Below if that's all you're wearing! Under your clothes, it doesn't really matter!


----------



## newlylarge (Sep 1, 2007)

Thanks, Britainnia and Chillihead. I am glad to hear that it is just not me turning into an old-man (I am only 35) who simply thinks that these "young whippersnappers" are crazy.  

I agree that what is most silly about this fad is the way it shows how many people are sheep who will fall for anything. Something that would seem to be clearly ridiculous comes to be accepted as long as "everyone is doing it." Actually, the overall trend seems to be to look as sloppy and unkempt as possible. Make your hair looks as if you just got out of bed and you did not wash or comb it. Make your pants look as if they are three size too large. Even more odd, I have recently noticed high-school aged guys wearing what appear to be flannel pajama bottoms as pants. Trying to look casual is one thing, but do we really have to look as if we, literally, just got out of bed?

I have long wondered what the appeal of this "look" might be. At least, women (even younger ones and girls) seem to want to look "put together" and have their clothes fit. I cannot understand the appeal for guys of wearing clothes in such a manner that they look one step away from wearing a burlap sack. I suppose this is merely the ongoing evolution of wanting to "rebel" against the traditional. But what I find amusing is that such "rebellion" always takes the form of another kind of conformity. A whole generation of guys trying to look "different," but all in the exact same way. I guess the expression that, "we all wear uniforms" is true even if we THINK we are being "different."


----------



## Skinny_FFA (Sep 1, 2007)

Boxers and pants definitely always below!!!!


----------



## PrettyKitty (Sep 2, 2007)

Below! 
Nice shorts. hehe


----------



## daniel (Sep 2, 2007)

I also wear my boxers below - always


----------



## SnapDragon (Sep 3, 2007)

Below, personal preference.

As a personal preference, I think underwear should remain underwear. Where's the excitement of it if it's exhibited in the park and the street and everywhere? And people who wear particular clothes in the name of fashion are just sheep.

-SnapDragon.


----------



## Britannia (Sep 3, 2007)

SnapDragon said:


> And people who wear particular clothes in the name of fashion are just sheep.
> 
> -SnapDragon.



I beg to differ. I wear clothes, when they're fashionable, if I enjoy them and they fit properly. Right now, that's skinny jeans and a spaghetti strap shirt with heels, mainly, and I love every outfit I put on.
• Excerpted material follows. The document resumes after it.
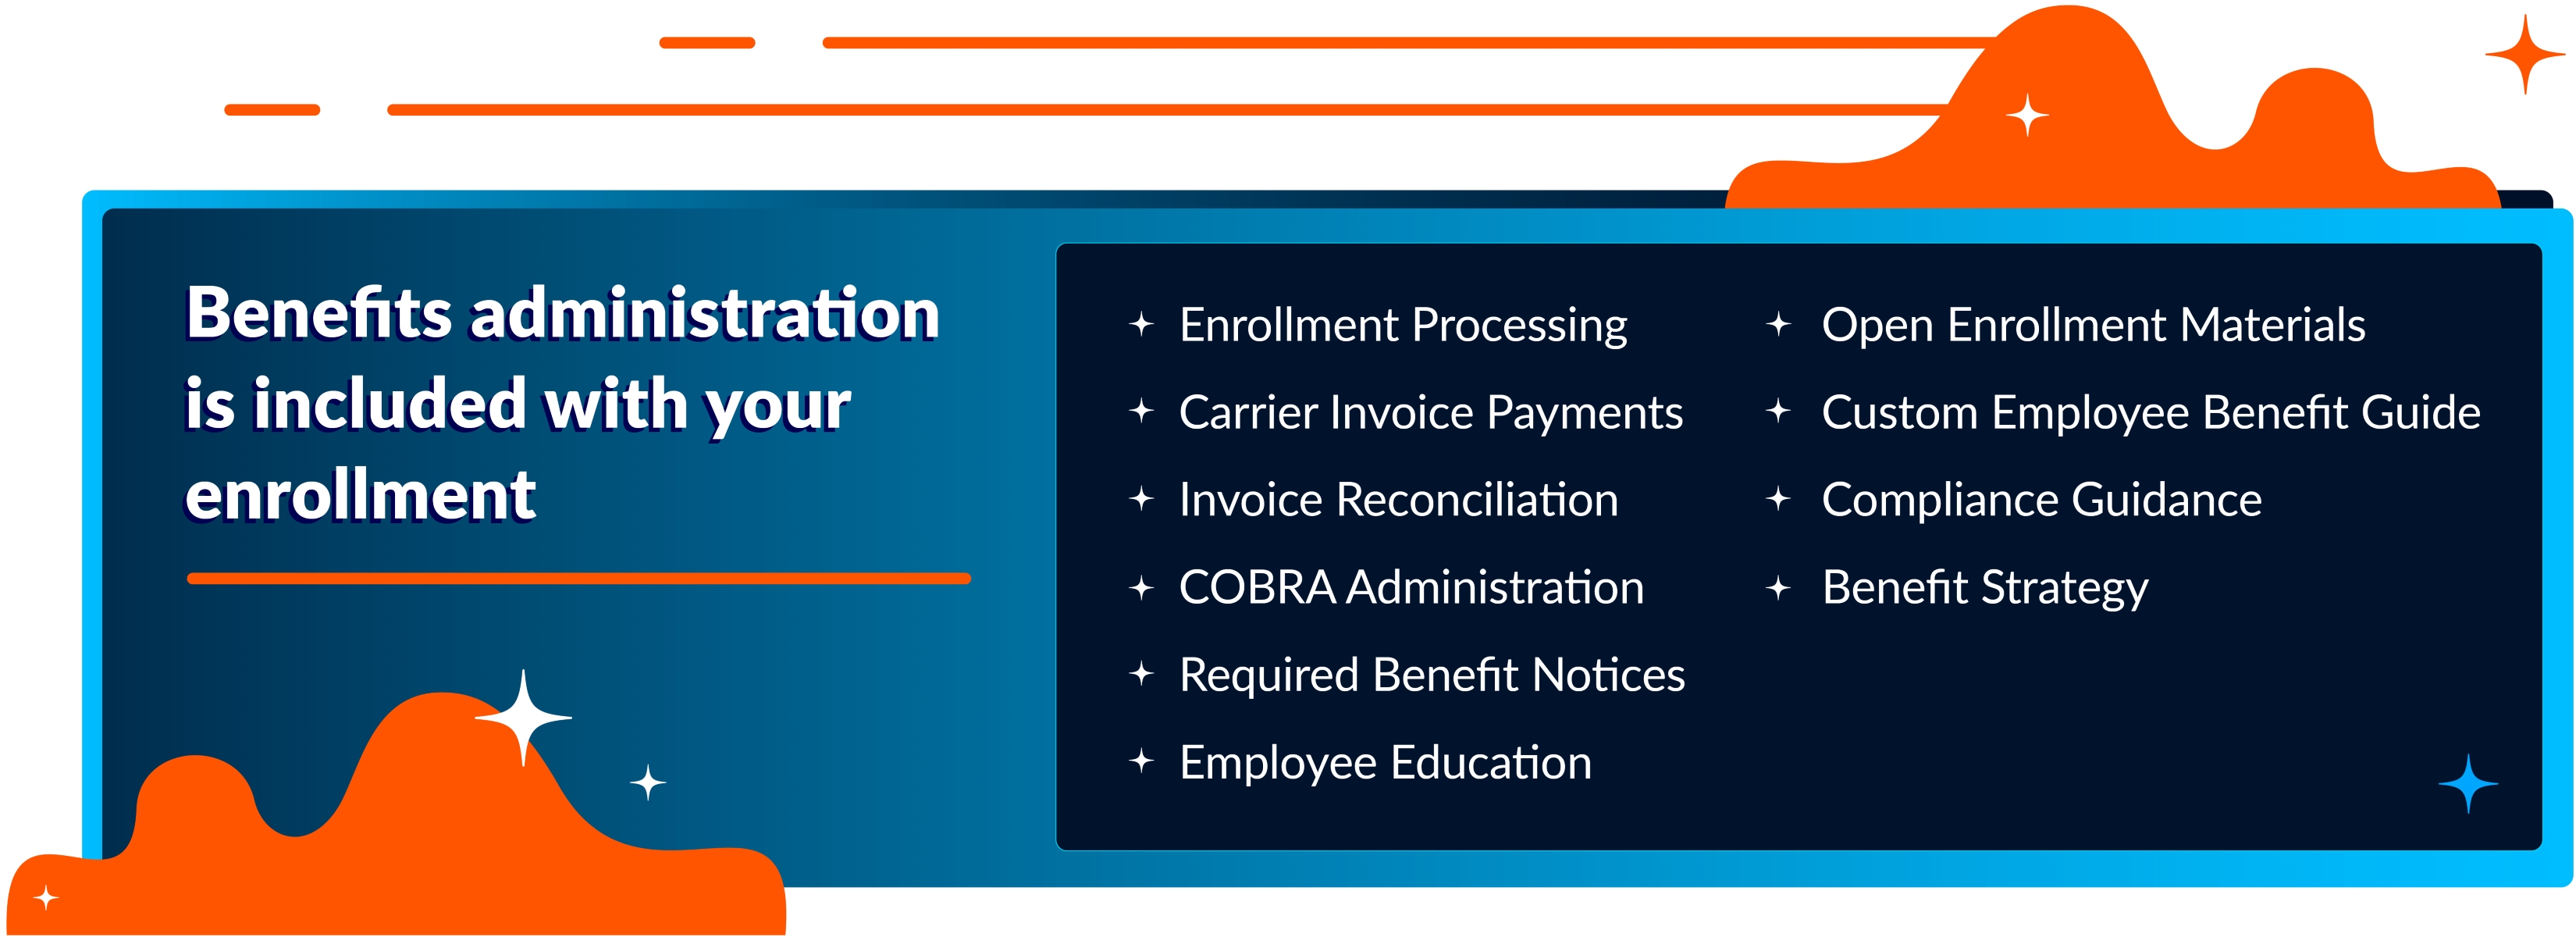 enrollment processing carrier invoice payments invoice reconciliation COBRA administration Required benefit notices employee education open enrollment materials custom employee benefit guide compliance guidance benefit strategy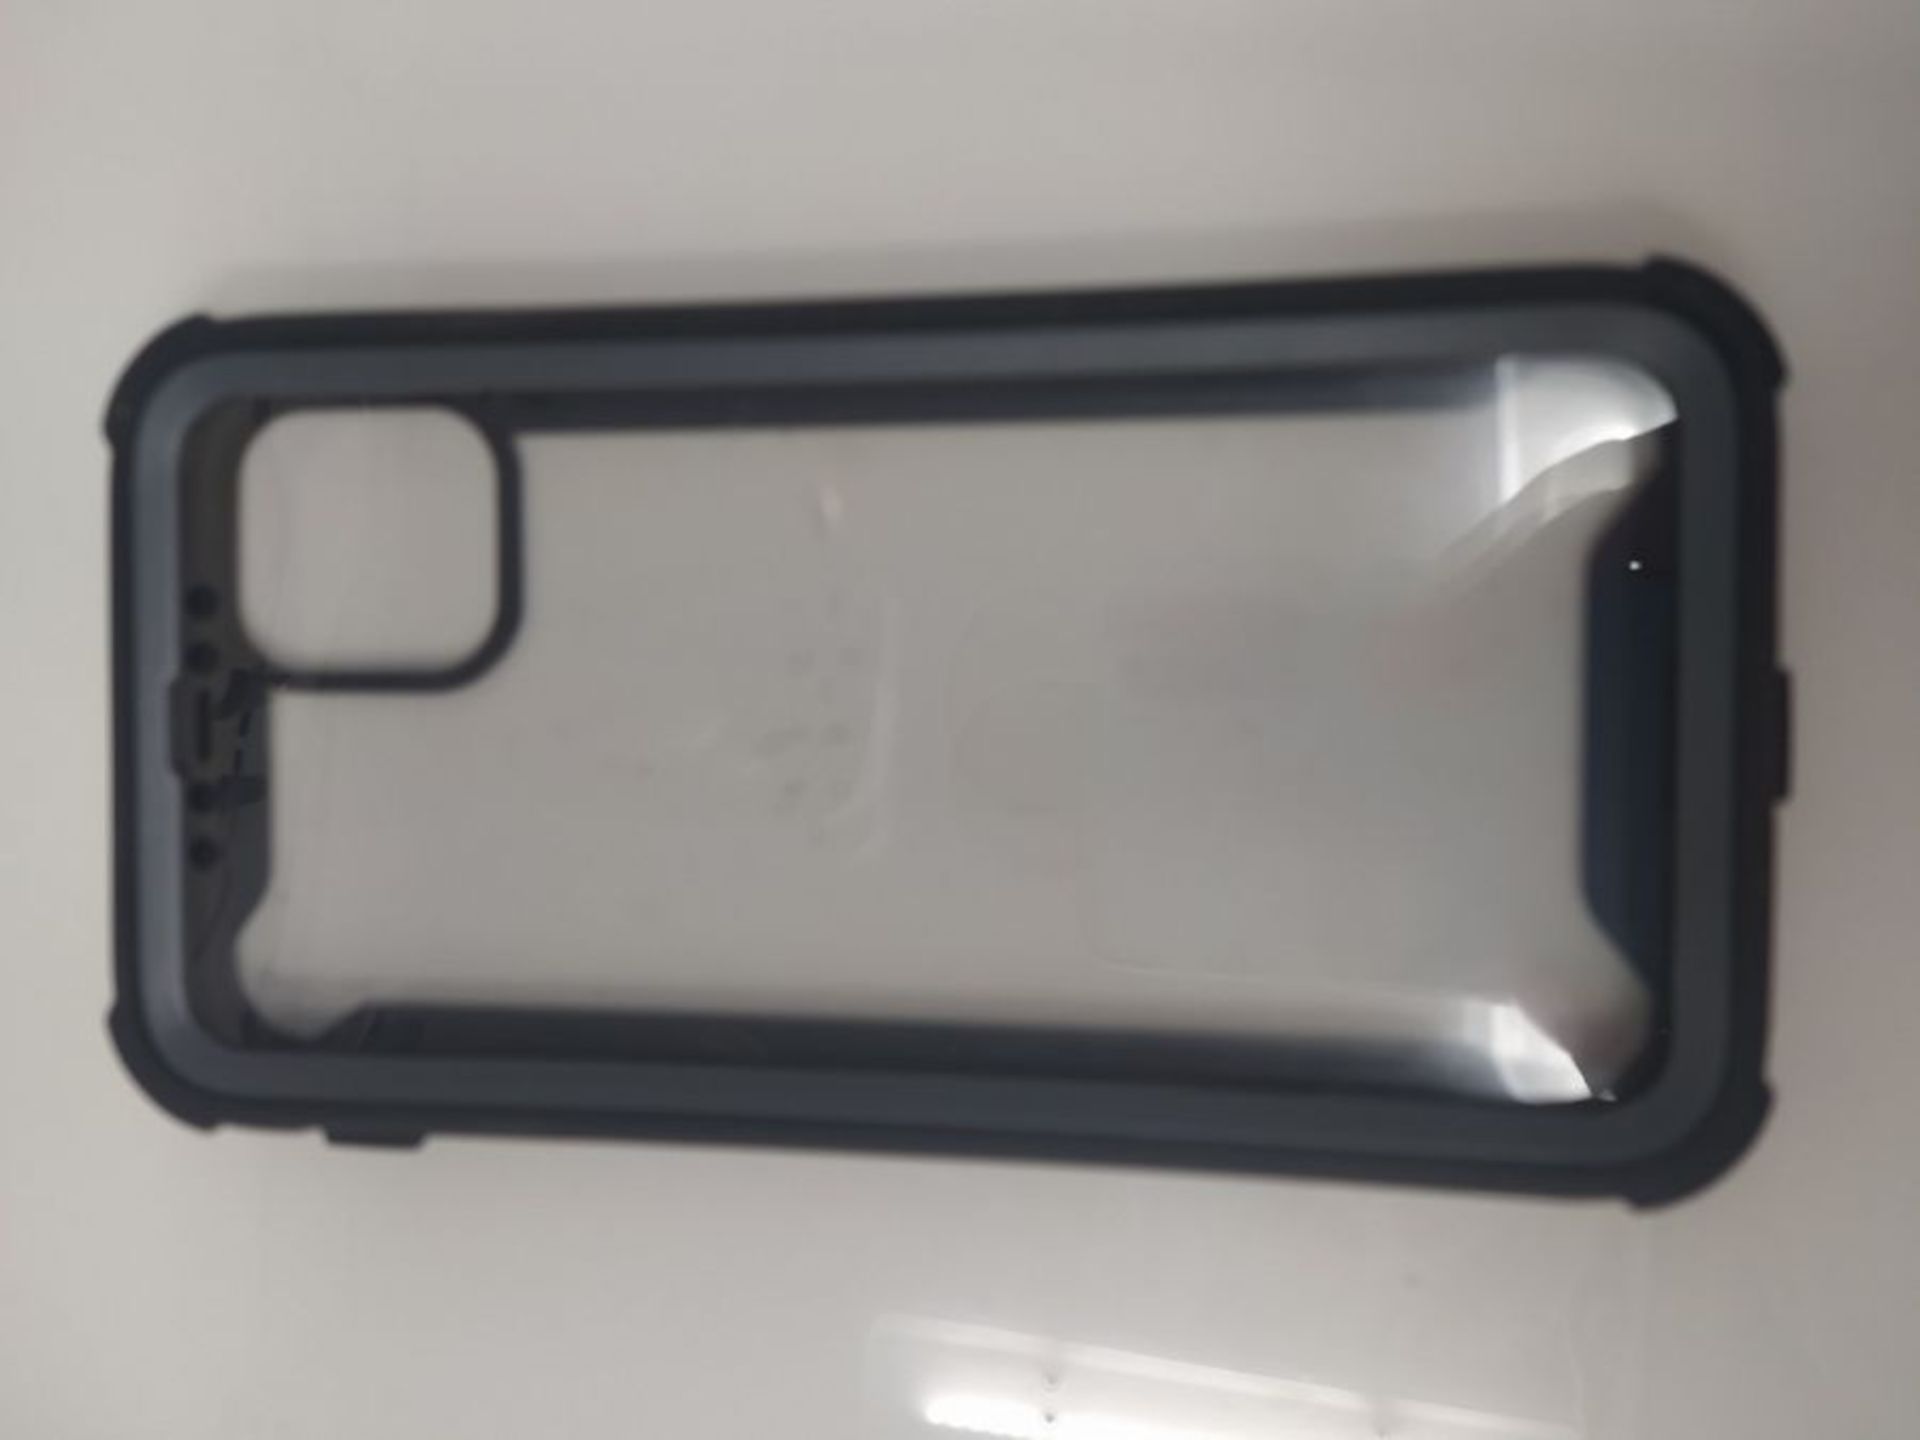 i-Blason Ares Case for iPhone 11 Pro Max 2019 Release, Dual Layer Rugged Clear Bumper - Image 3 of 3

Just because people follow trends doesn't mean they're sheep - I look fashionable, but I keep my personality. There's a grey area that's very important between being a "sheep" and completely ignoring what people are wearing these days: incorporating the new or up-and-coming styles into one's own personal wardrobe because one finds it exciting, interesting, etc.

Perhaps it's because I want to be a model, or because I work at Express. Or both. But that's what I think.


----------



## CartmanUK26 (Sep 5, 2007)

Ah this old chestnut, well I would agree if you are shaped like the the pictures then below would make more sense as there is no benefit from having them any higher.

Sadly one rule doesn't apply to everyone and as I have a double belly (http://www.youtube.com/cartmanuk26) and my boxers would tend to fall down if worn below for any length of time I wear mine on my bb, of course if boxers are all I am wearing then under is fine as I am probably not going to be TOO bothered if they come off at that point, but under clothes definitely over or on for me, it's the way I am made!

Rich


----------



## SnapDragon (Sep 5, 2007)

Britannia said:


> I beg to differ. I wear clothes, when they're fashionable, if I enjoy them and they fit properly. Right now, that's skinny jeans and a spaghetti strap shirt with heels, mainly, and I love every outfit I put on.



Ah, but the key phrase here is that you enjoy them. If you're wearing them because you like them, that's a world of difference to wearing any horror advertising throws at you just because you're told to believe it'll make you more socially acceptable. That's the difference between something that is genuinely popular and just a fad. Various things that I use have passed briefly under the vagaries of what's called fashion, but that doesn't mean I disown them on principle.

-SnapDragon.


----------